‘Intactivists’ On Track To Force Bill Banning Circumcision In Denmark

Graphic by Angelie Zaslavsky
VIENNA (JTA) — Danish anti-circumcision activists have collected nearly 20,000 signatures out of the 50,000 they need to create a bill proposing to ban non-medical circumcision for boys.
With another five months to collect the remaining 30,000 signatures, the petition by the group Denmark Intact appears likely to reach its goal of forcing a vote in parliament that would set 18 as the minimum age for the procedure.
According to regulations passed in January, petitions approved for posting on the Folketinget, or Citizen Proposal, website are brought to a vote if they receive 50,000 signatures with six months of their appearance. The petition, which Denmark Intact is promoting on social networks, was launched on Feb. 1.

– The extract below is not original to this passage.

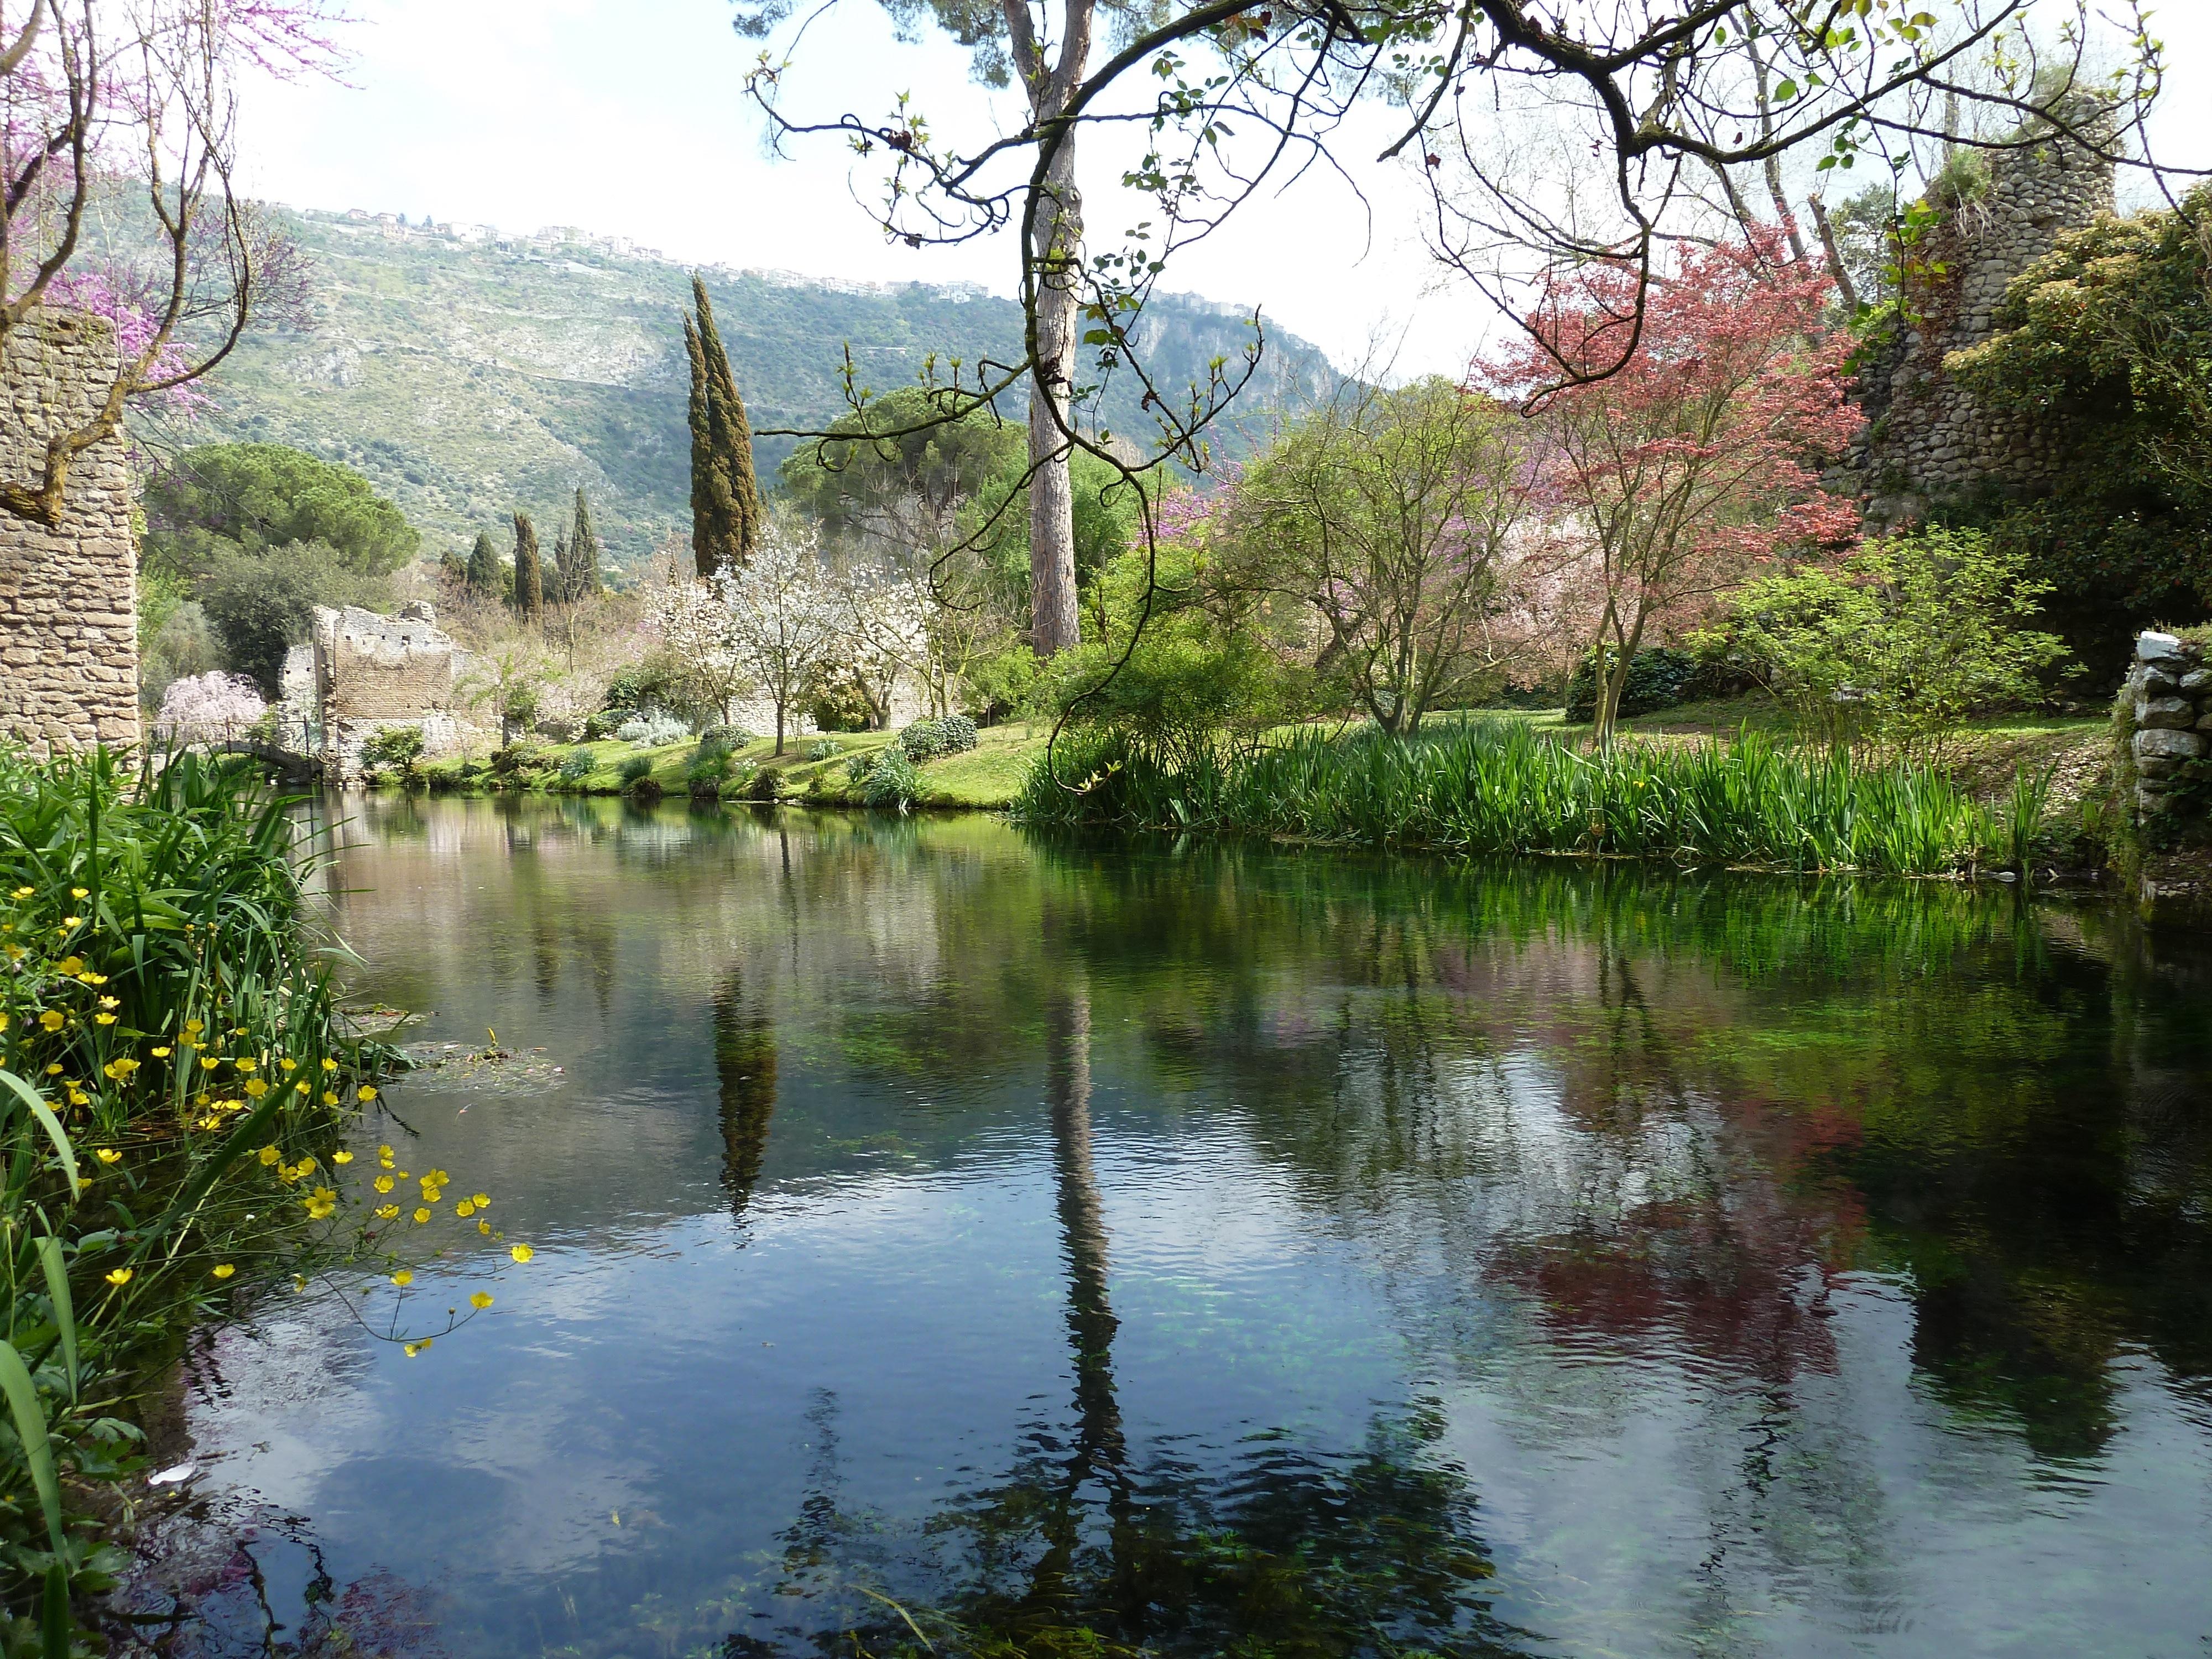 Gita fuori porta l 39 incantevole giardino di ninfa unipolsai roma assicurazioni roma unipol - I giardini di ninfa ...

The petition proposes a punishment of up to six years in prison for any person who “physically assaults, with or without consent, mutilates or otherwise removes external sex organs in whole or in part” from children younger than 18.
It describes circumcision as a form of abuse and corporal punishment, equating it with female genital mutilation. The petition states that parents who have their children circumcised outside Denmark would be exposed to legal action in Denmark, which has 8,000 Jews and tens of thousands of Muslims.

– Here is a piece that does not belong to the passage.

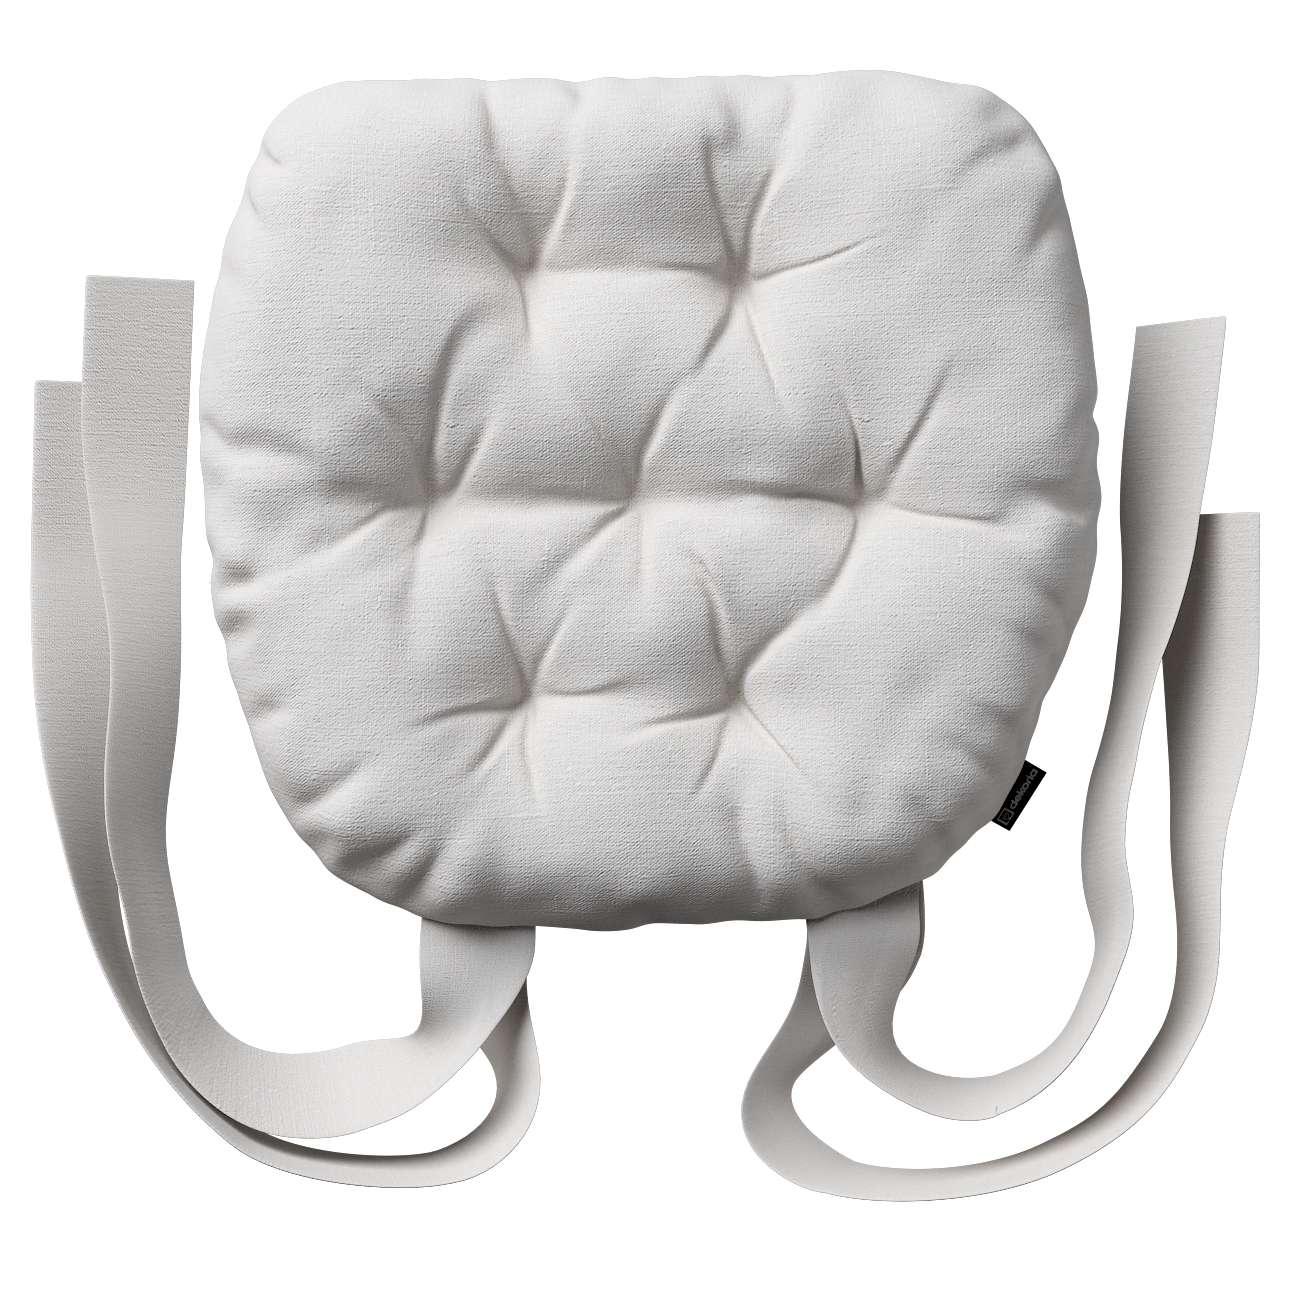 Siedzisko Marcin na krzesło 40x37x8cm w kolekcji Linen, tkanina: 392-04

Members of both faiths circumcise male boys.
Lawmakers from four parties in Iceland submitted a bill last month proposing to ban non-medical circumcision of boys, in what the leaders of the Jewish communities of all Nordic countries said would prevent a Jewish community from establishing itself there. Iceland has fewer than 250 Jews but this year will receive its first resident rabbi in decades. It also has a few hundred Muslims.